Krinkle moved this task from Untriaged to Nov2019/1.35.wmf.5+ on the Wikimedia-production-error board.Sep 19 2018, 7:50 PM

The web request times out are enforced since September 10th (see T97192#4561879 and https://lists.wikimedia.org/pipermail/wikitech-l/2018-September/090803.html ). We have not deployed a train since then.

I have not paid attention to those errors when promoting group0 yesterday. Looking at group0 the same issue happened:

19:20	<hashar@deploy1001>	rebuilt and synchronized wikiversions files: group0 to 1.32.0-wmf.22

Screenshot_20180919_215315.png (309×840 px, 30 KB)

Maybe we always had the issue and it is now showing up due to the timeout limit being now respected.

hashar mentioned this in T97192: HHVM request timeouts not working; support lowering the API request timeout per request.Sep 19 2018, 7:57 PM

Nikerabbit subscribed.Sep 19 2018, 9:21 PM

Krinkle moved this task from Nov2019/1.35.wmf.5+ to Mar 2021 on the Wikimedia-production-error board.Sep 20 2018, 1:46 AM

Same happened with group2:

14:38:57 Finished sync-apaches (duration: 00m 38s)

Screenshot_20180920_164349.png (275×1 px, 26 KB)

hashar renamed this task from Promoting group1 to 1.32.0-wmf.22 caused a spam of web request took longer than 60 seconds and timed out to Deployments of MediaWiki with scap cause a spam of "web request took longer than 60 seconds and timed out".Sep 25 2018, 10:17 AM

hashar added a project: Wikimedia-Incident.

hashar moved this task from Active investigation to Active Situation on the Wikimedia-Incident board.
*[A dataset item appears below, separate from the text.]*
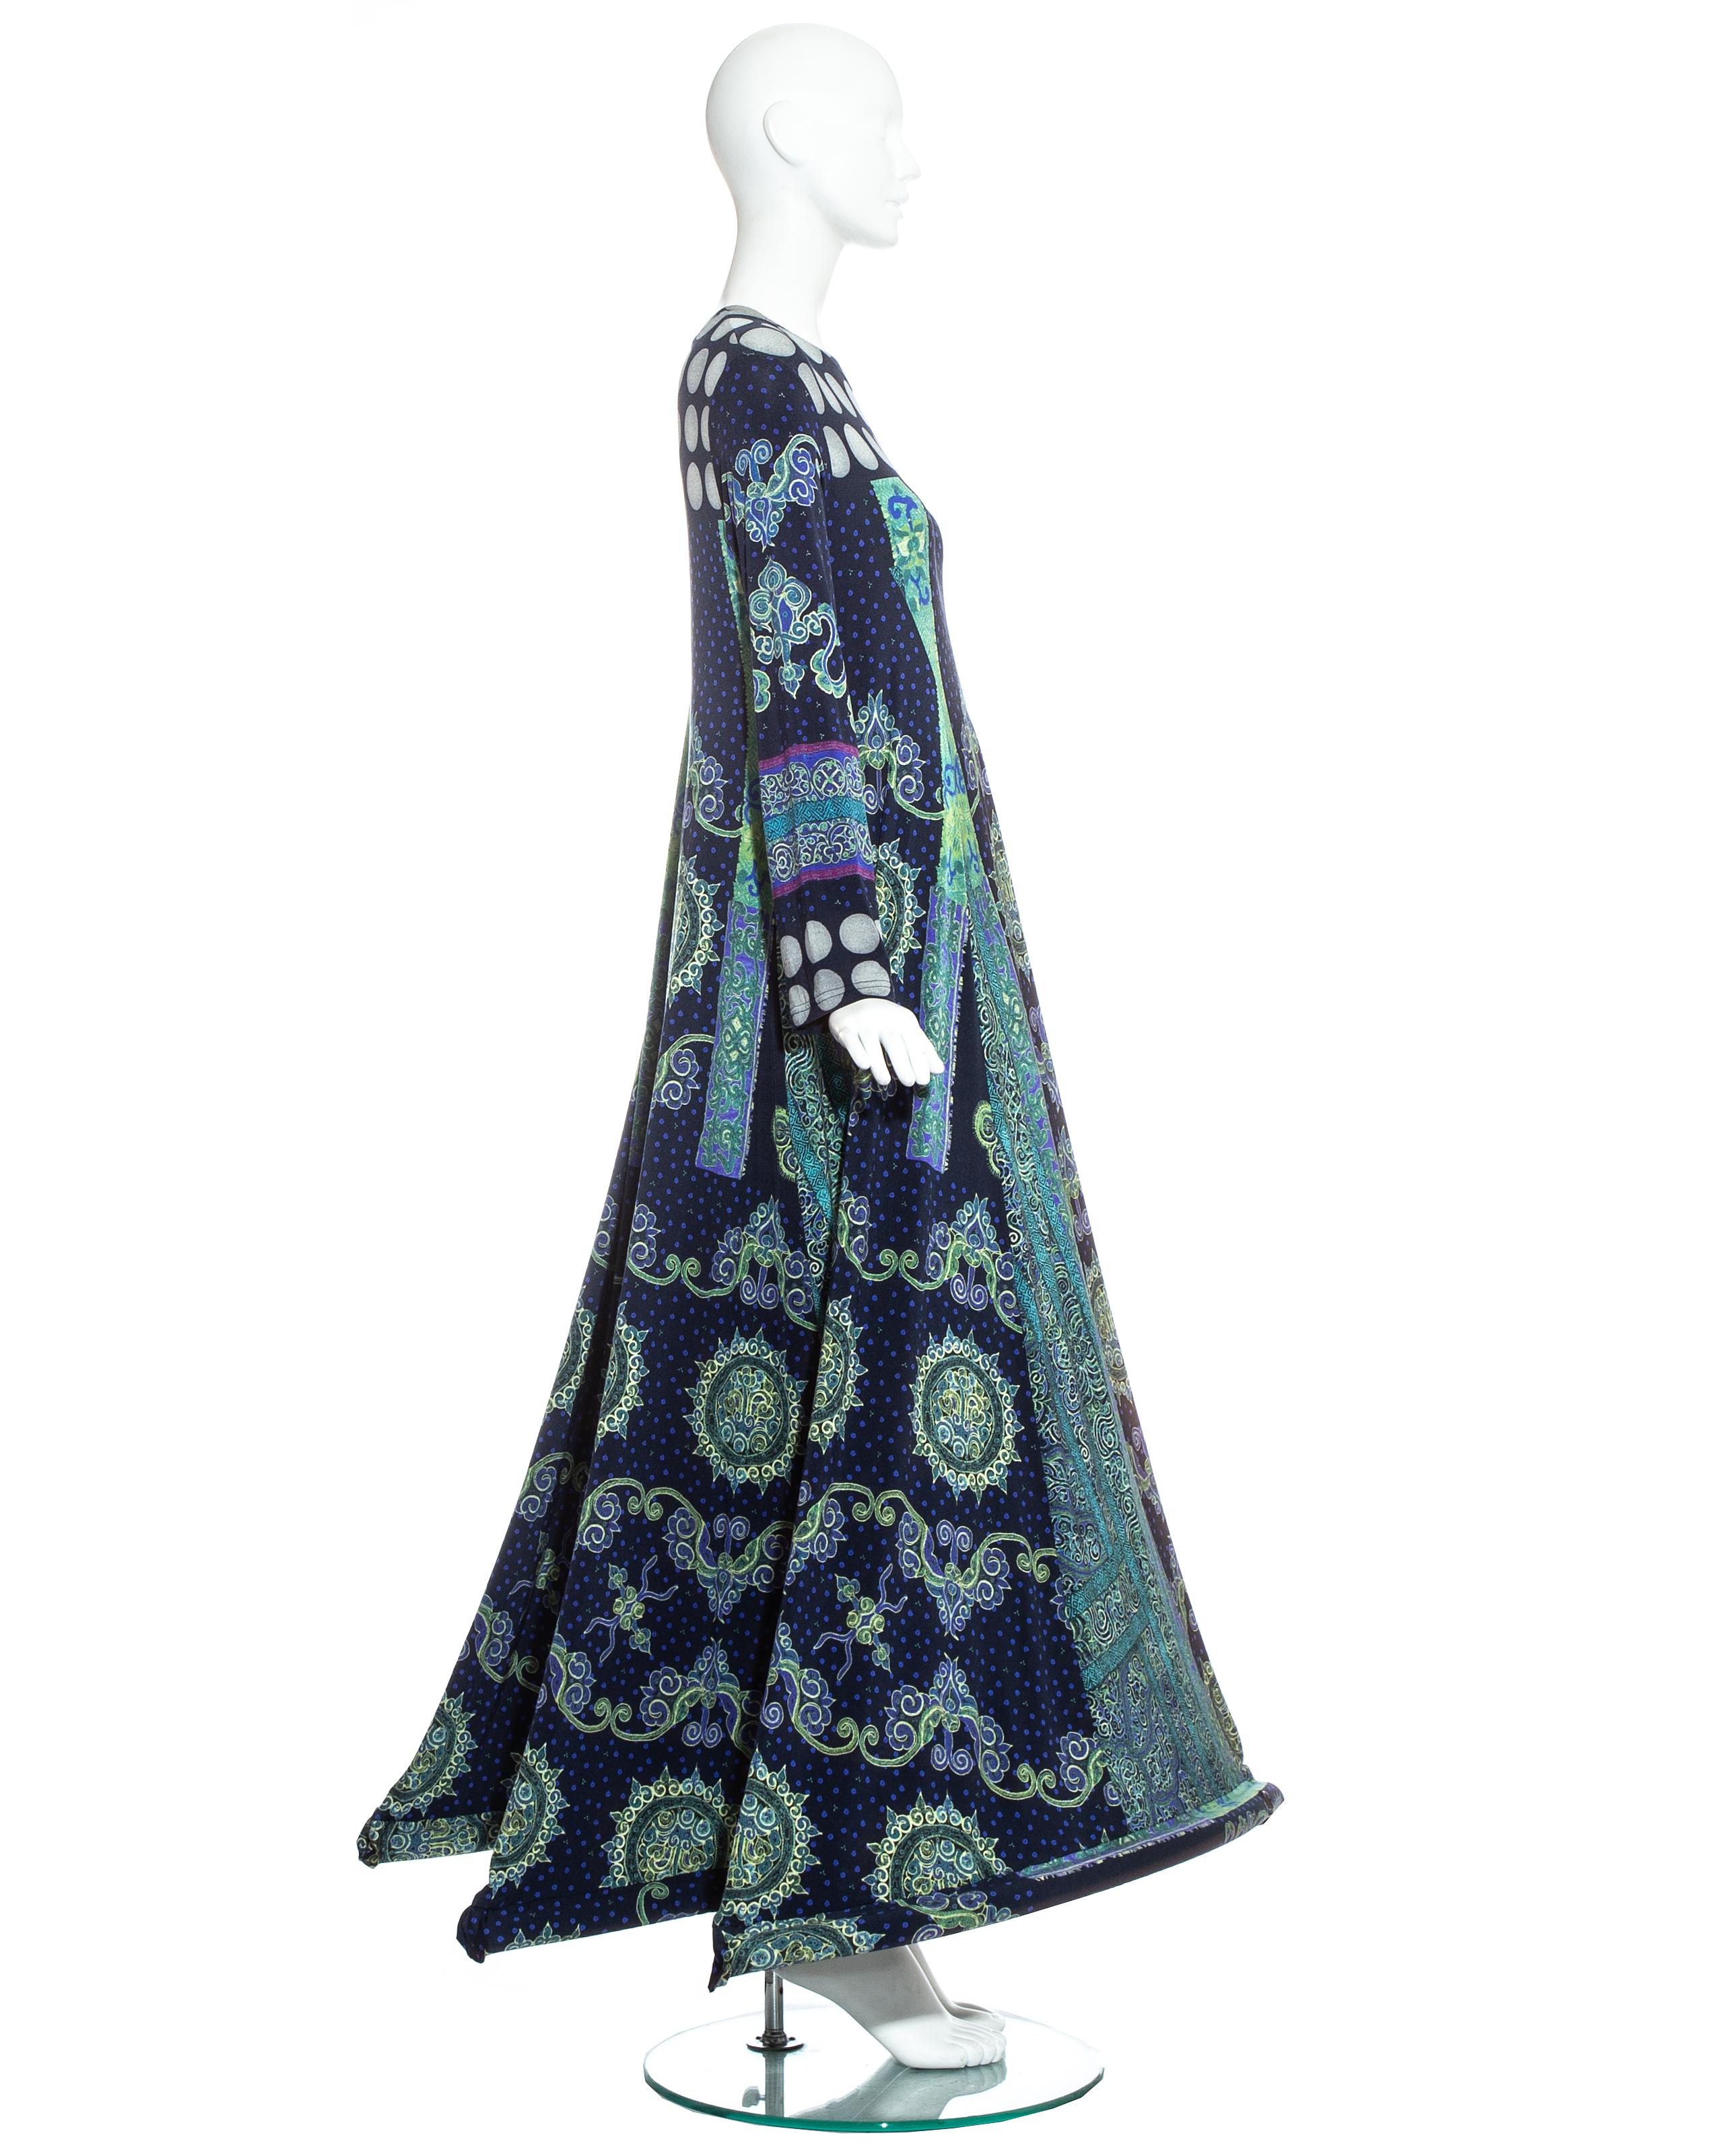 Issey Miyake maxi dress in blue jersey with Indian print.  Inflatable hemmed skirt which creates beautiful shilhouetes when walking. 

Spring-Summer 2001

• Niedzielski mentioned this in T204606: [Spike, 8hrs] Some requests time out after 60 seconds in MobileFrontend transforms. What to do?.Sep 26 2018, 3:39 PM

Maybe we always had the issue and it is now showing up due to the timeout limit being now respected.

I believe this to be true.

zeljkofilipin awarded a token.Oct 10 2018, 12:31 PM

zeljkofilipin added a project: User-zeljkofilipin.

zeljkofilipin moved this task from Backlog 🪒 to Watching 📺 on the User-zeljkofilipin board.

zeljkofilipin subscribed.

Logs are full of this error message.

Mahir256 mentioned this in T207313: Some administrative and log actions on Wikidata take longer than 60 seconds and time out.Oct 17 2018, 7:11 PM

Mahir256 subscribed.Oct 18 2018, 4:54 AM

Paladox subscribed.Oct 18 2018, 10:07 PM

greg added subtasks: T204606: [Spike, 8hrs] Some requests time out after 60 seconds in MobileFrontend transforms. What to do?, T207313: Some administrative and log actions on Wikidata take longer than 60 seconds and time out.Oct 18 2018, 10:08 PM

(Starting to add subtasks to this that are either instances of or other teams tracking their portions of the problem.)

(Prioritizing this general task as "High" whereas some subtasks might be UBN or Normal.)

Addshore closed subtask T207313: Some administrative and log actions on Wikidata take longer than 60 seconds and time out as Resolved.Oct 29 2018, 5:16 PM

greg moved this task from INBOX to Epics (ARCHIVED) on the Release-Engineering-Team board.Nov 21 2018, 12:11 AM

Making this a follow-up/actionable to track this work better/more realistically.

zeljkofilipin moved this task from Watching 📺 to Deep work 🌊 on the User-zeljkofilipin board.Dec 17 2018, 5:27 PM

• mmodell subscribed.Dec 17 2018, 5:29 PM

zeljkofilipin claimed this task.Dec 17 2018, 5:30 PM

Restricted Application edited projects, added Release-Engineering-Team (Kanban); removed Release-Engineering-Team. · View Herald TranscriptDec 17 2018, 5:30 PM

zeljkofilipin moved this task from Backlog to In-progress on the Release-Engineering-Team (Kanban) board.Dec 17 2018, 5:30 PM

zeljkofilipin removed zeljkofilipin as the assignee of this task.Dec 20 2018, 5:43 PM

zeljkofilipin moved this task from In-progress to Backlog on the Release-Engineering-Team (Kanban) board.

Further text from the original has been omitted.